Every IdP use their private key to sign their access token and give you an endpoint to find their public key to verify that a token is really issued by them.
This is true, but audience is a free-text value field at kubernetes. On kubernetes, you get signed a token with any aud value of your choice.
For example:
apiVersion: v1
kind: Pod
metadata:
name: nginx
spec:
containers:
- image: nginx
name: nginx
volumeMounts:
- mountPath: /var/run/secrets/tokens
name: vault-token
serviceAccountName: build-robot
volumes:
- name: vault-token
projected:
sources:
- serviceAccountToken:
path: vault-token
expirationSeconds: 7200
audience: vault
In that case, the aud value is vault here. As I know, I can put any value of my choice here and it gets signed.
oidc standard provider
But Kubernetes isn't OIDC standard provider and doesn't want to be, maybe doesn't have to be.
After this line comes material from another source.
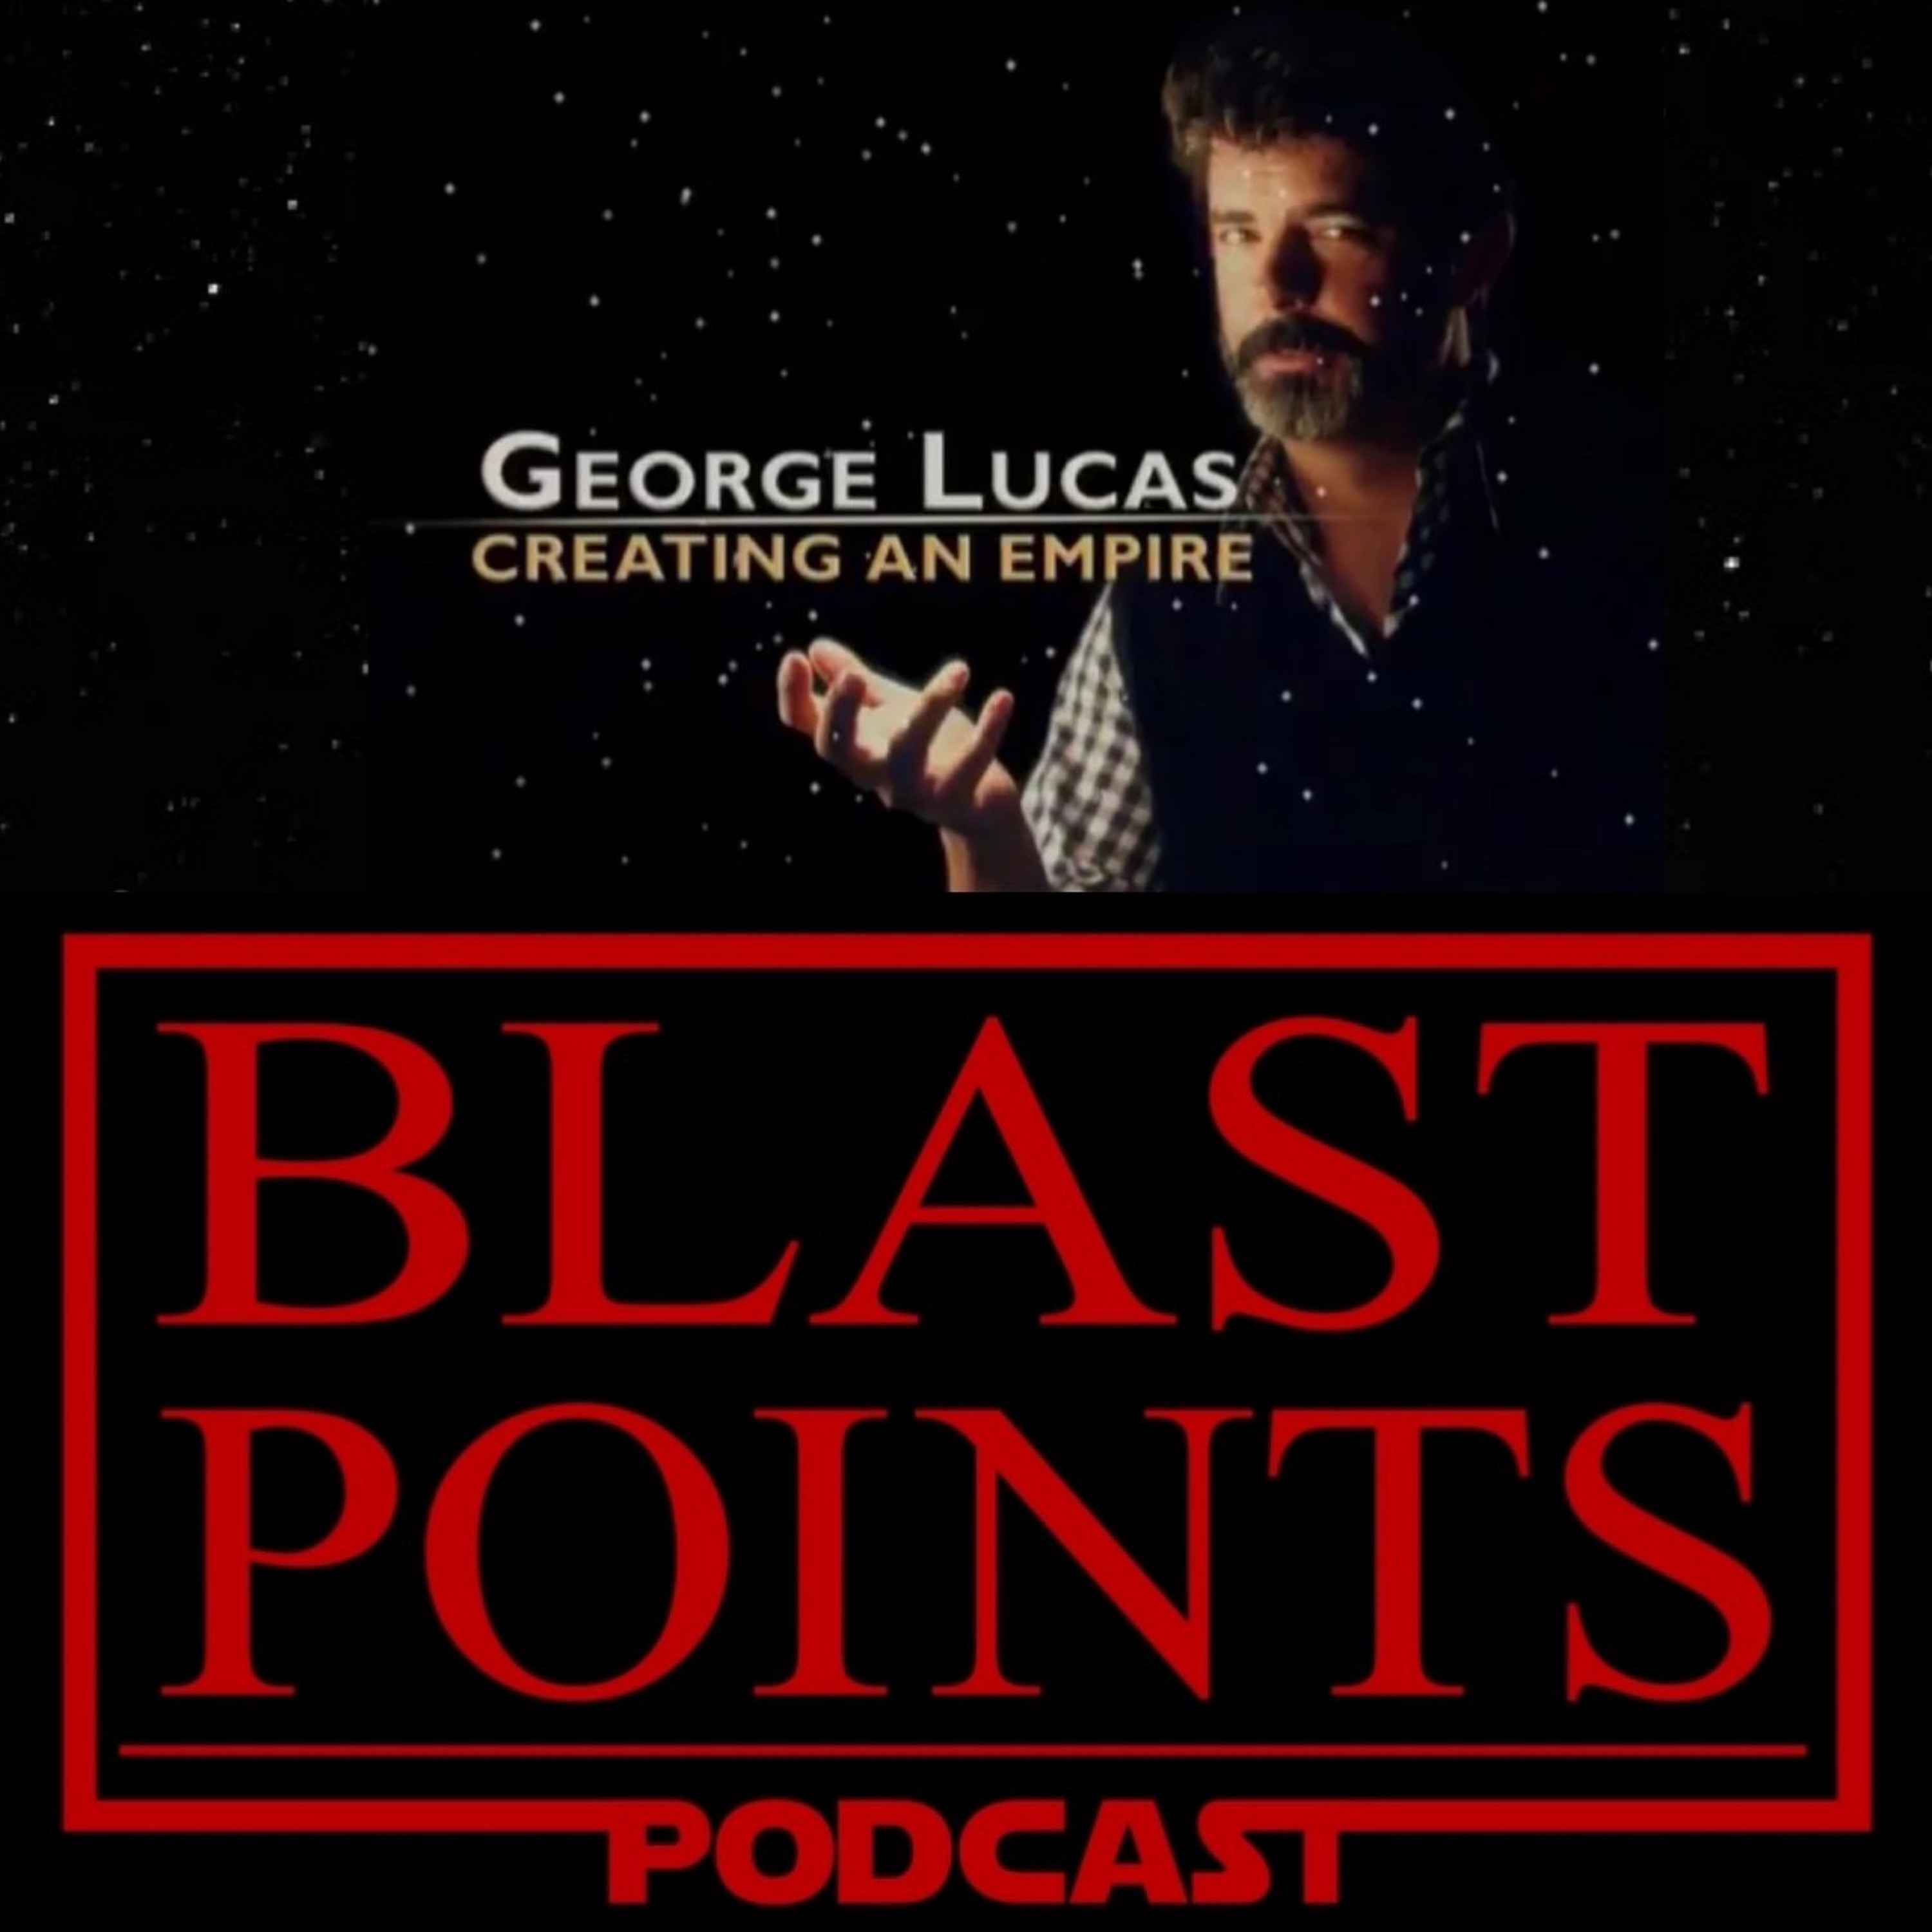 Episode 341 - The George Lucas A&E Biography Fan Club

In terms of OAuth2, the aud claim has a different purpose (https://www.rfc-editor.org/rfc/rfc7519#section-4.1.3)
The "aud" (audience) claim identifies the recipients that the JWT is intended for.
That the reason, why the aud claim in Kubernetes and Entra ID is free to choice (Note: Not talking about end-user token, more token about identity (machine) tokens). For example in Entra ID, the aud claim must be https://management.azure.com/
, if I want to use the token to authenticated against https://management.azure.com/ and has no link against the clientID
From OAuth2 point of view, there is link to the clientID.
Based on your comment, extra-jwt-issuers
is designed for OIDC compatible provider and should not used for OAuth2 Providers, like Kubernetes.
A flag like extra-jwt-issuers
, but using the sub claim instead the aud claim would be feasible solution.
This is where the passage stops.